Information reporting and backup withholding will generally apply to the proceeds of a disposition of our common stock by a non-U.S. holder effected by or through the U.S. office of any broker, U.S. or foreign, unless the holder certifies its status as a non-U.S. holder and satisfies certain other requirements, or otherwise establishes an exemption. Generally, information reporting and backup withholding will not apply to a payment of disposition proceeds to a non-U.S. holder where the transaction is effected outside the United States through a non-U.S. office of a broker. However, information reporting but not backup withholding will apply in a manner similar to dispositions effected through a U.S. office of a broker, if a non-U.S. holder sells our common stock through a non-U.S. office of a broker that has certain connections with the United States.
Withholding on Payments to Foreign Accounts
Certain withholding taxes may apply under Section 1471 through 1472 of the Code (which are commonly referred to as the Foreign Account Tax Compliance Act (“FATCA”)) to certain types of payments made to “foreign financial institutions” (as specially defined under these rules) and certain other non-U.S. entities if certification, information reporting and other specified requirements are not met. A 30% withholding tax may apply to “withholdable payments” if they are paid to a foreign financial institution or to a non-financial foreign entity, unless (a) the foreign financial institution undertakes certain diligence and reporting obligations and other specified requirements are satisfied, (b) the non-financial foreign entity either certifies it does not have any substantial U.S. owners or furnishes identifying information regarding each substantial U.S. owner and other specified requirements are satisfied or (c) the foreign financial institution or non-financial foreign entity otherwise qualified for an exemption from these rules.

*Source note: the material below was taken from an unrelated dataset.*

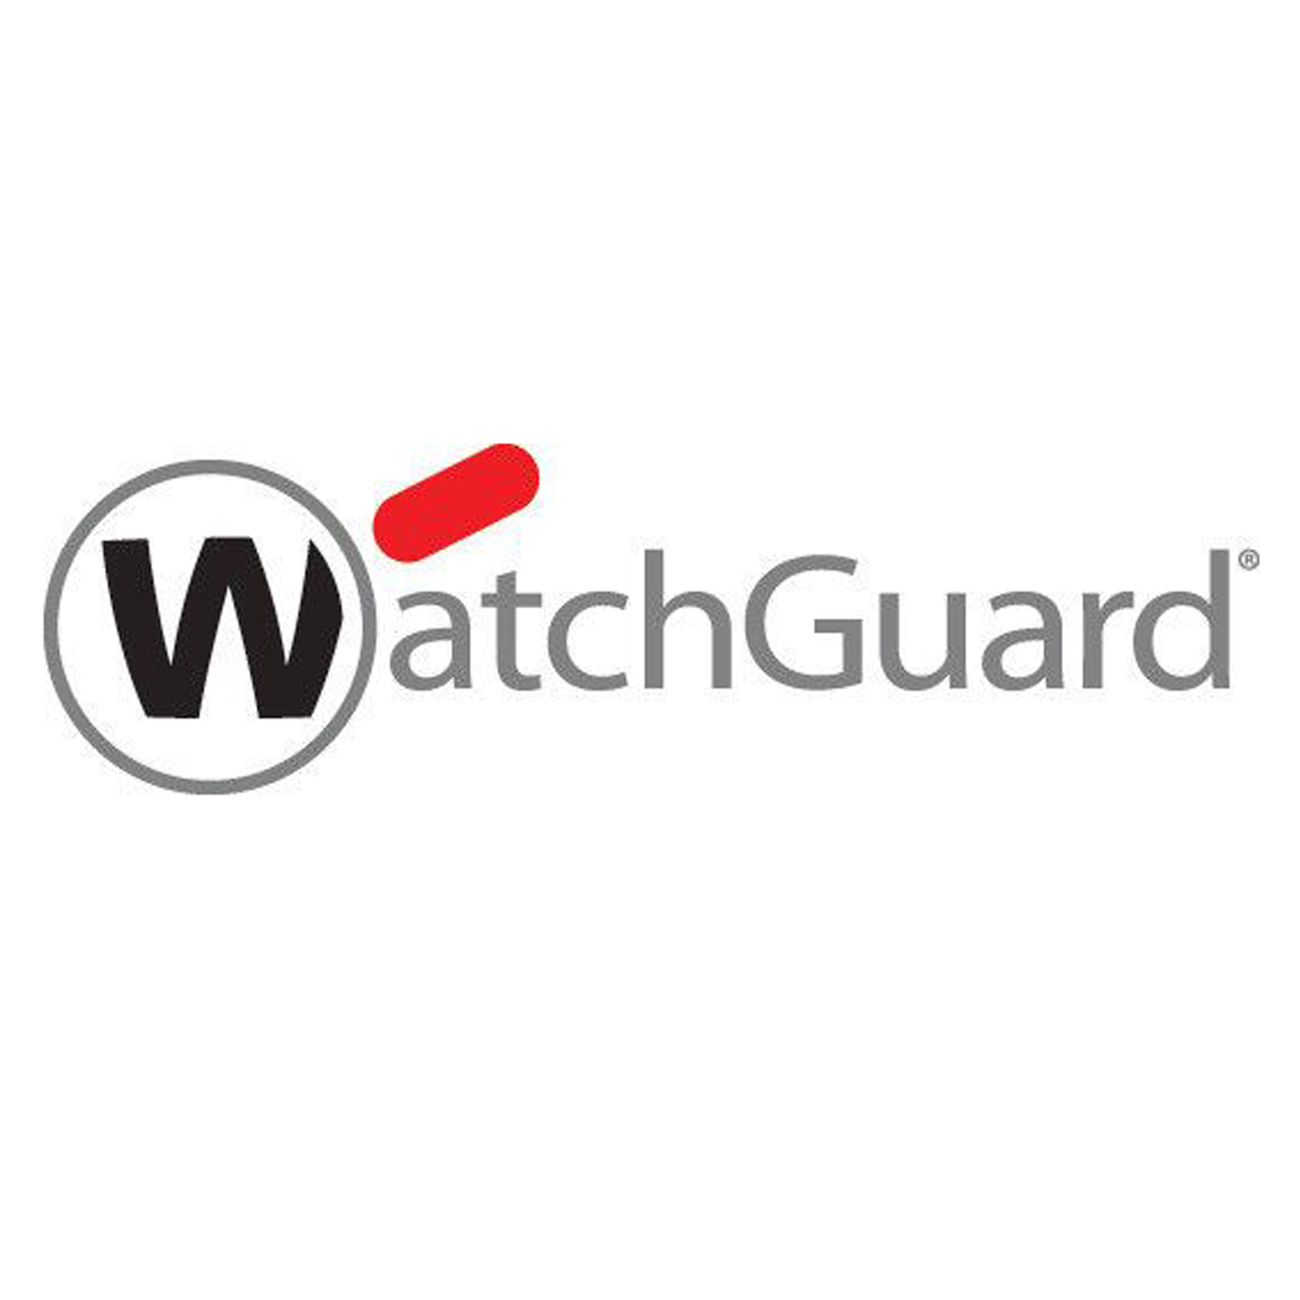 Watchguard WGCXL693, Software Lizenzen, Comp. Trade In WGCXL693 (BILD1)

“Withholdable payment” generally means any payment of interest, dividends, rents, and certain other types of generally passive income if such payment is from sources within the United States. U.S. Treasury Regulations proposed in December 2018 (and upon which taxpayers and withholding agents are entitled to rely until final regulations are issued) eliminate possible withholding under these rules on the gross proceeds from any sale or other disposition of our common stock, previously scheduled to apply beginning January 1, 2019. If the payee is a foreign financial institution, it must enter into an agreement with the U.S. Treasury requiring, among other things, that it undertake to identify accounts held by certain U.S. persons or U.S.-owned foreign entities, annually report certain information about such accounts and withhold 30% on payments to account holders whose actions prevent it from complying with these reporting and other requirements, or comply with comparable requirements under an applicable inter-governmental agreement between the United States and the foreign financial institution’s home jurisdiction. Foreign financial institutions located in jurisdictions that have an intergovernmental agreement with the United States governing FATCA may be subject to different rules. If an investor does not provide us with the information necessary to comply with these rules, it is possible that distributions to such investor that are attributable to withholdable payments, such as dividends, will be subject to the 30% withholding tax.
Holders should consult their own tax advisers regarding the implications of FATCA on their investment in our common stock.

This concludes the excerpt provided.